Пауза. Сэр Джон вдруг с горячностью обнимает его.
СЭР ДЖОН. Ну как мне оплатить твой труд? Когда мне плохо, я говорю себе, что у меня есть друг. Я в великом долгу перед тобой. Но я найду способ вознаградить тебя. Я должен, должен расквитаться со всеми своими долгами.
НОРМАН. Да будет вам, а то я расплачусь…
СЭР ДЖОН (отпуская его) . Господи, как от тебя разит!.. Сколько ты выпил?
НОРМАН. Меньше нормы.
СЭР ДЖОН. О, Яго, Яго!..
НОРМАН. Тоже из другой пьесы.
СЭР ДЖОН. Мне еще надо проснуться в блаженстве, а потом тащить на руках миледи — ты нужен мне трезвый.
НОРМАН. Я трезвый.
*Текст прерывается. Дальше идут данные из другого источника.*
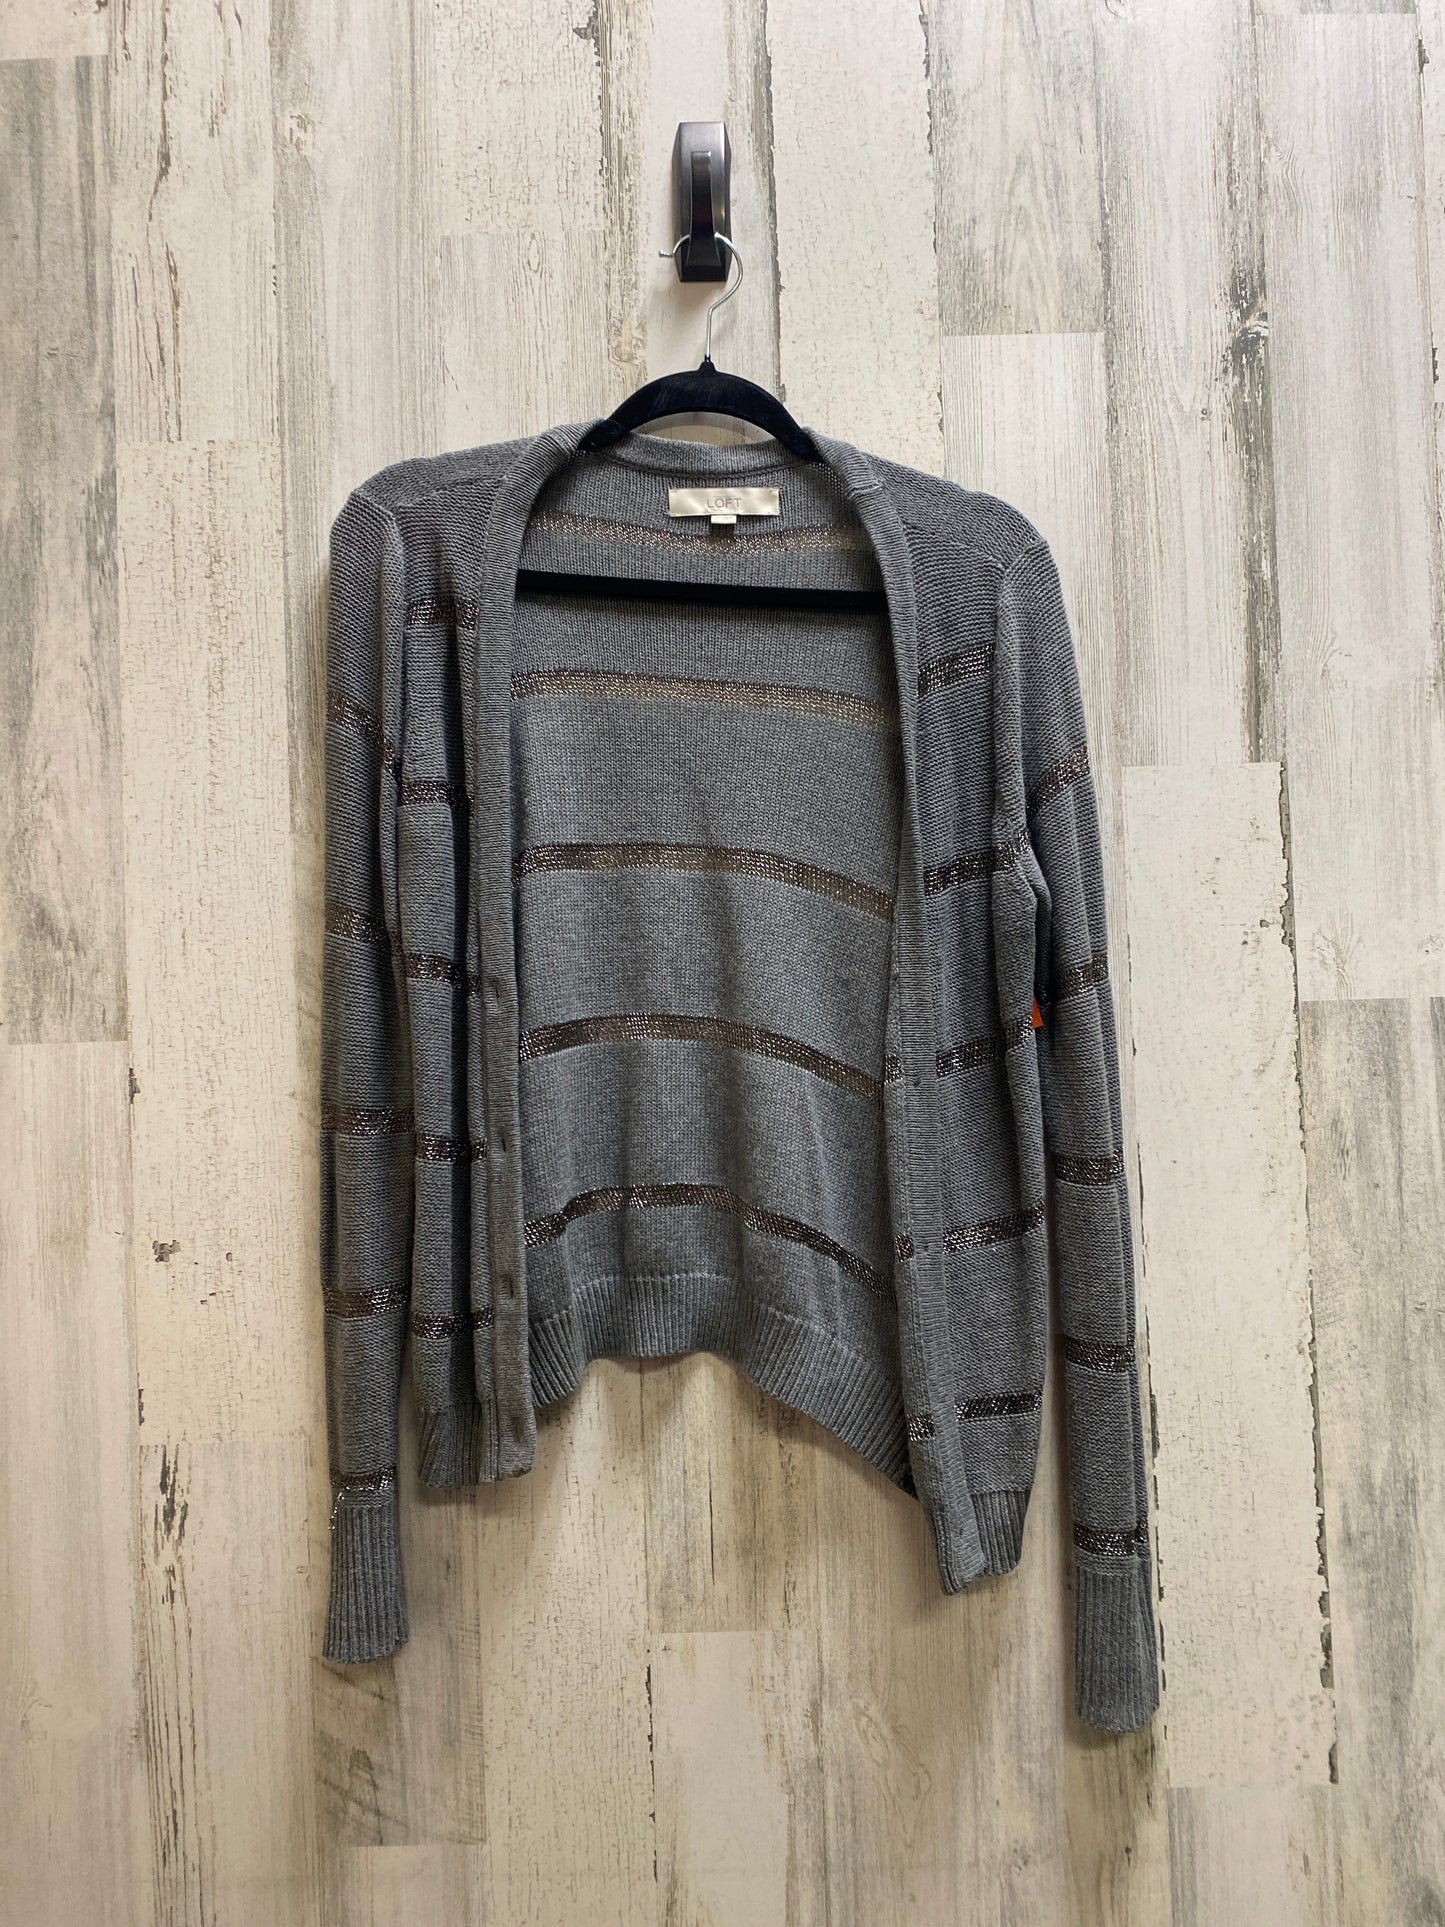 Sweater By Loft  Size: M

Вполне. Дикция отчетливая. Поведение обычное. Настроение прекрасное. (Смеется) .
СЭР ДЖОН. Ничего смешного! (Пауза) . Последний натиск. Надеюсь, ты к нему готов?
НОРМАН (еле слышно) . А вы, мой милый?..
СЭР ДЖОН. Что?
НОРМАН. А вы, мой Лир?
Они направляются к выходу. Свет постепенно тускнеет. Полная темнота. Барабаны. Трубы. Звон мечей. Опять медленно загорается свет. Кулисы. Сэр Джон, миледи, Норман и Мэдж стоят в ожидании. Айрин бьет в литавры.
КЕНТ. Владыке своему и королю Пришел я пожелать спокойной ночи. Как, он не здесь?
ГЕРЦОГ АЛЬБАНСКИЙ. Про главное забыли.